Chief Circuit Judge Mark Switalski was so pleased with the results that he signed a contract with Google in late December for more than 300 court workers, encompassing the Probate, Juvenile, Friend of the Court and District Court Probation agencies.

Another advancement in productivity at the Clerk's Office that should be ready by late March will allow people tapped for jury duty to fill out their juror questionnaire online. Those who have an obvious reason to be excused can handle the matter 24/7 on the website without making a trip to the courthouse.

Currently, the clerk's staff handles 80,000 juror questionnaires per year and Sabaugh no longer has the manpower to alphabetize them. If a judge requests a juror's documentation, the staff has to shuffle through stacks of documents to find it. The new software will process and store all the information from each summons.

The system carries a price tag of $143,000 and an annual cost of $108,000 beginning in 2012. But because the Jury Room staff has been cut in half — down to one full-time and one part-time worker — Sabaugh said the online services are needed to reduce paperwork and maintain efficiency.

One final move toward the cutting edge was made by Sabaugh in recent weeks when she implemented a new type of permit for those who are licensed to carry a concealed weapon.

The new CCW licenses are similar to a driver license, each with a photo and signature that are saved in a digital database. According to Sabaugh, the licenses produced by this "IDentiphoto" technology are much harder to alter or duplicate.
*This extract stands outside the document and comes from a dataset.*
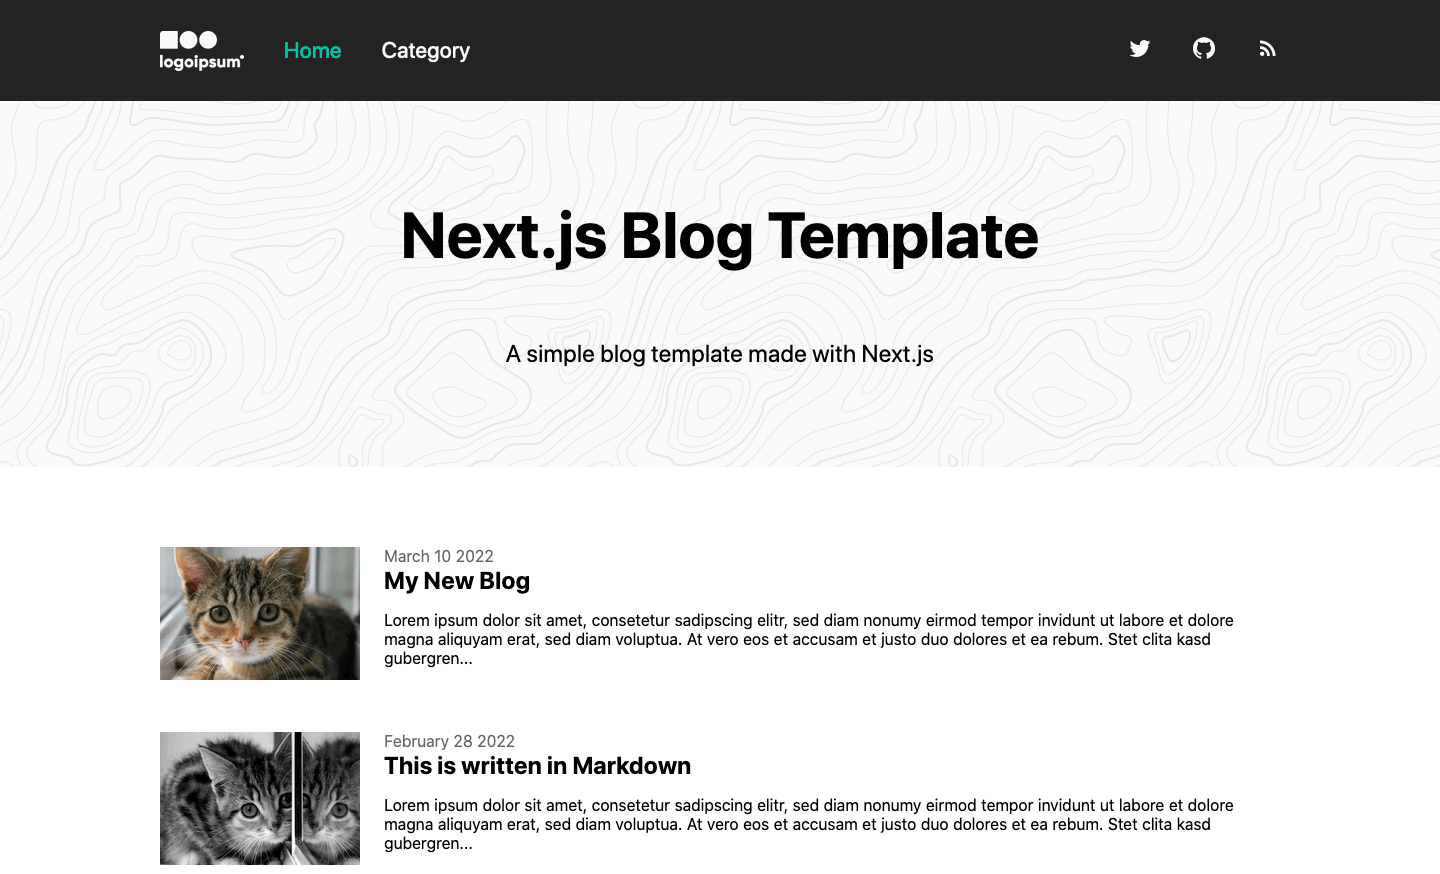 Next.js Blog Template wweb.dev

Under the current system, workers print and prepare a paper license, attach a passport-style photo, and then laminate the finished product.

Because the Clerk's Office handled 8,000 CCW permits last year, the cumbersome manual process of preparing the paper licenses, not including other paperwork and overseeing gun board hearings, takes up manpower that equals several days per month for one worker.

The streamlined process has substantially reduced staff time and has been well-received by permit holders.

The change required $35,000 in start-up costs and requires $108,000 in annual expenses. Fees charged for the new permit photos will help defray the cost of this project and the online jury services.

In each case, the new technologies are financed through special spending accounts that are set aside for expenses at the courthouse, the Jury Room and related "special projects."

Sabaugh said the public is appreciative of her growing reliance on technology, such as the wireless Internet service in the Jury Room and the pagers that allow potential jurors to stroll or shop in downtown Mount Clemens while waiting to be summoned.

Last fall, Sabaugh began offering marriage license applications on her website. Already, half of all marriage licenses are now processed online.